Fully explain your ideas

To get an excellent score in the IELTS Task 2 writing section, one of the easiest and most effective tips is structuring your writing in the most solid format. A great argument essay structure may be divided to four paragraphs, in which comprises of four sentences (excluding the conclusion paragraph, which comprises of three sentences).

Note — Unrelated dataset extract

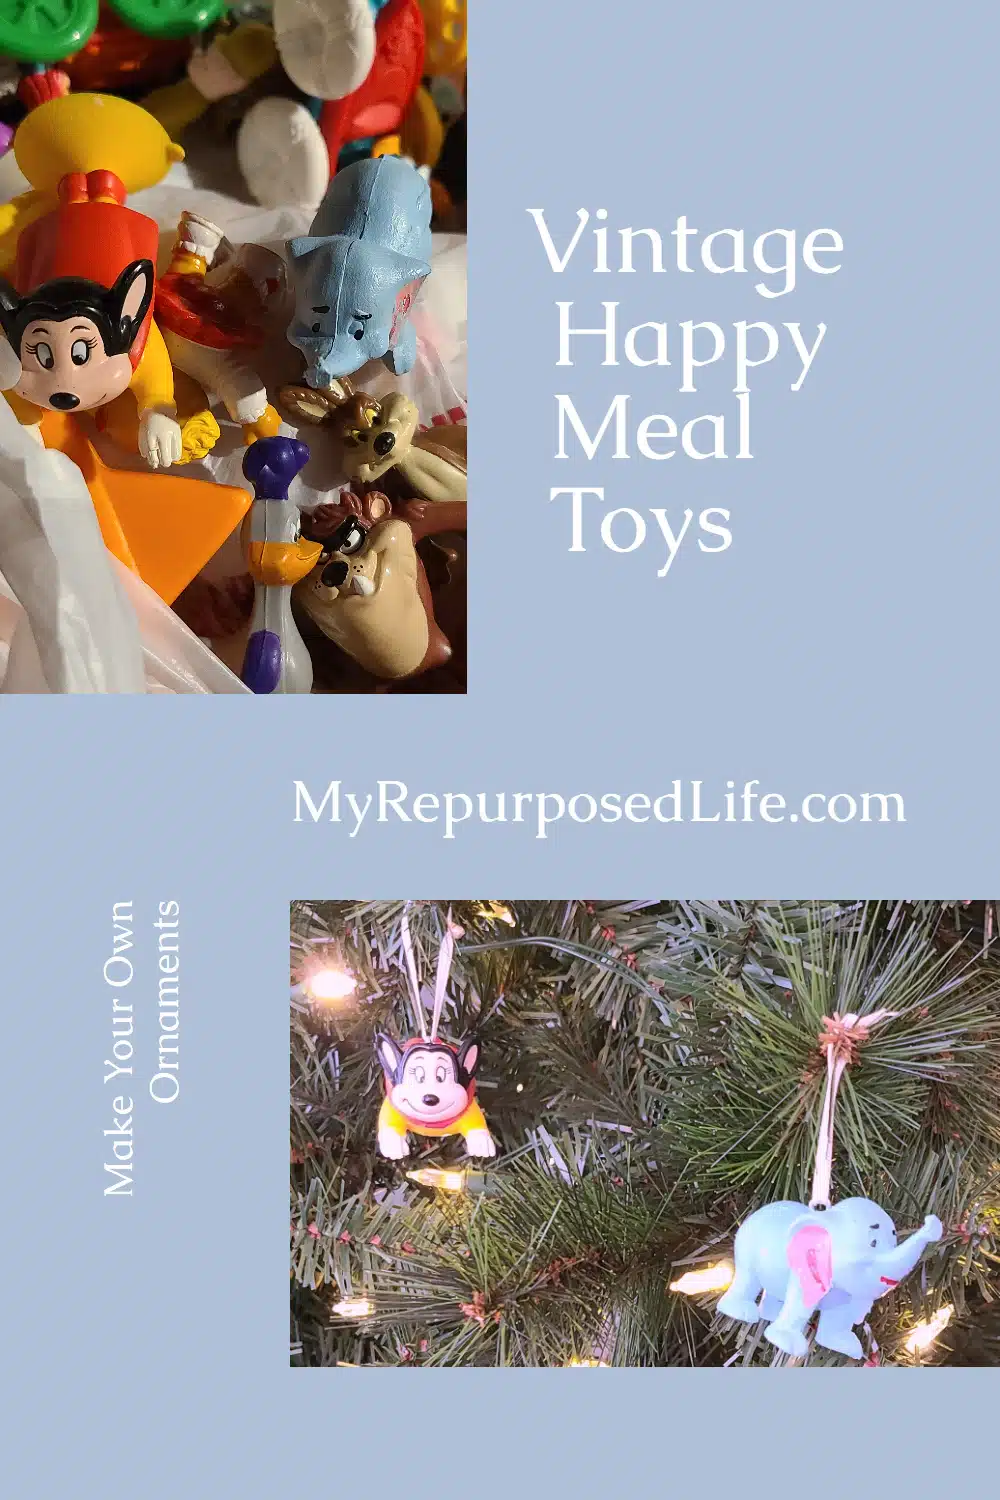 Easy project-how to make ornaments out of happy meal toys or your child's favorite action figures. Step by step directions to make your own today! #MyRepurposedLife #repurposed #happymealtoys #actionfigures #playset #diy #ornaments via @repurposedlife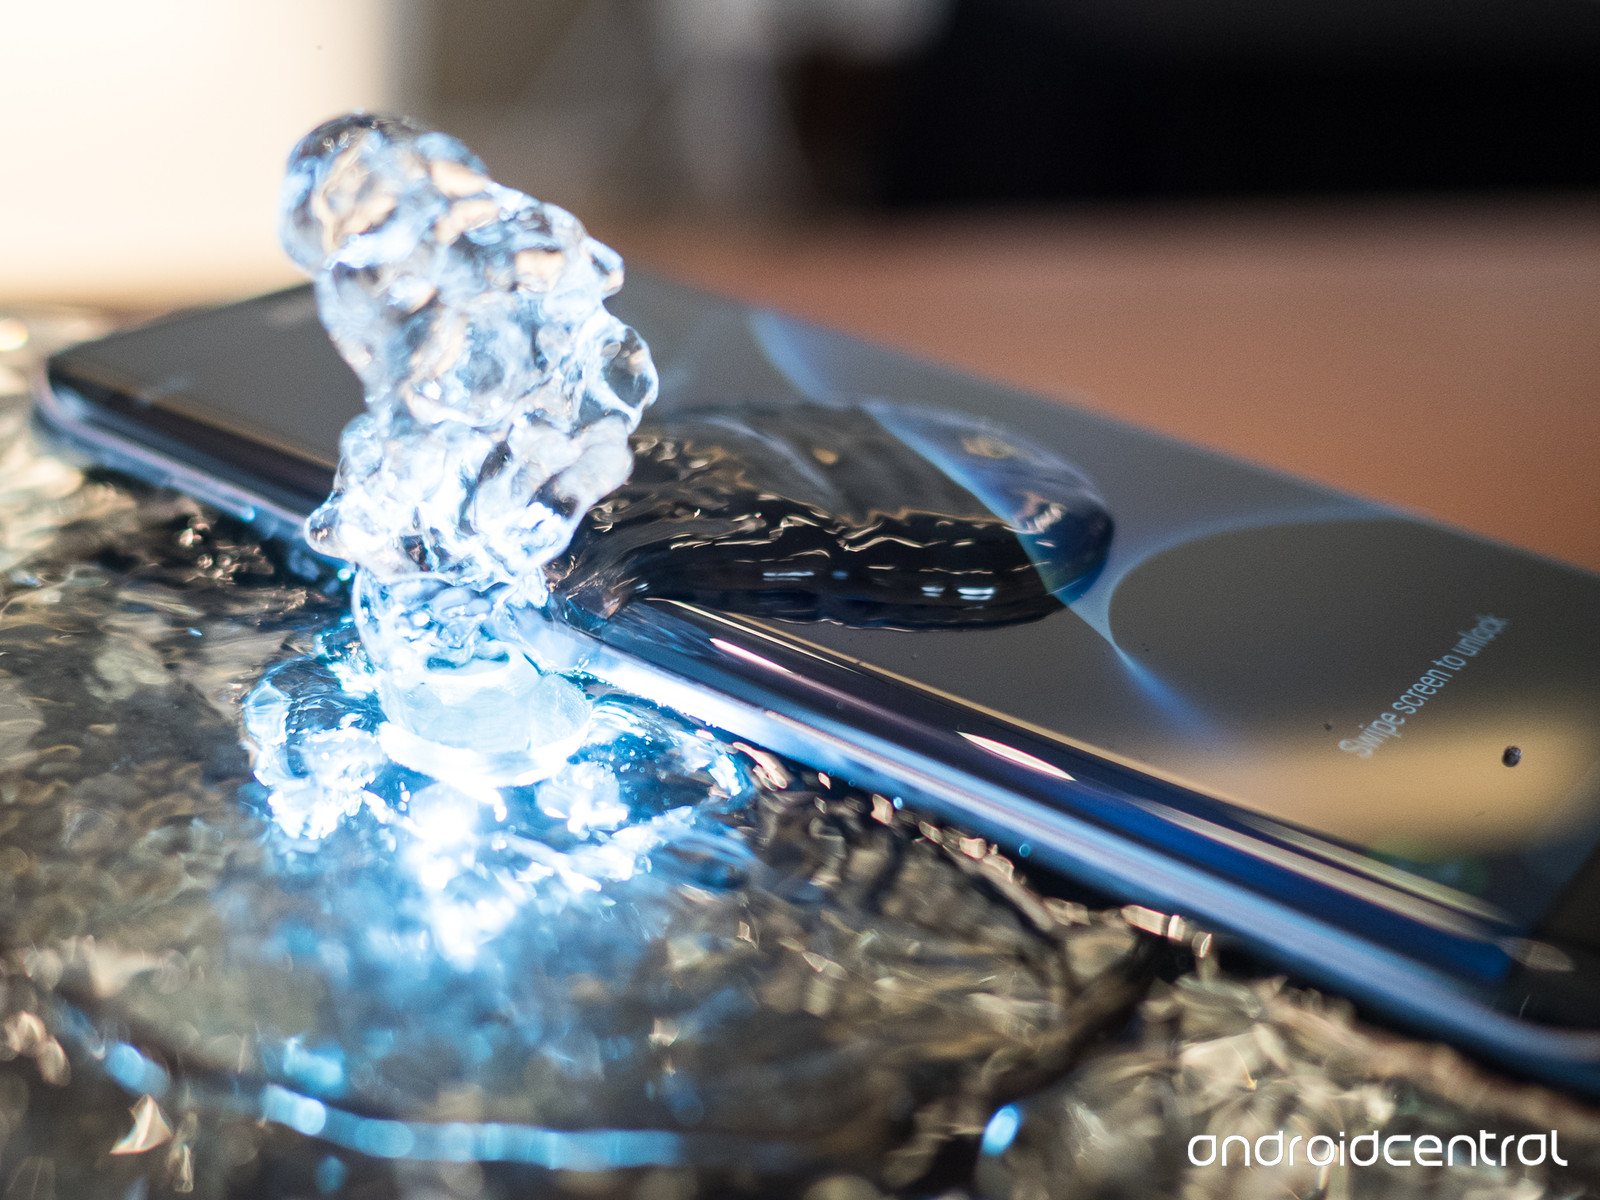 Samsung has acquired a new technology which will allow S9 to repel water!

For we to consider an essay structure a great one, it should be looking like this:

  • Paragraph 1 - Introduction
    • Sentence 1 - Background statement
    • Sentence 2 - Detailed background statement
    • Sentence 3 - Thesis
    • Sentence 4 - Outline sentence
  • Paragraph 2 - First supporting paragraph
    • Sentence 1 - Topic sentence
    • Sentence 2 - Example
    • Sentence 3 - Discussion
    • Sentence 4 - Conclusion
  • Paragraph 3 - Second supporting paragraph
    • Sentence 1 - Topic sentence
    • Sentence 2 - Example
    • Sentence 3 - Discussion
    • Sentence 4 - Conclusion
  • Paragraph 4 - Conclusion
    • Sentence 1 - Summary
    • Sentence 2 - Restatement of thesis
    • Sentence 3 - Prediction or recommendation

Our recommended essay structure above comprises of fifteen (15) sentences, which will make your essay approximately 250 to 275 words.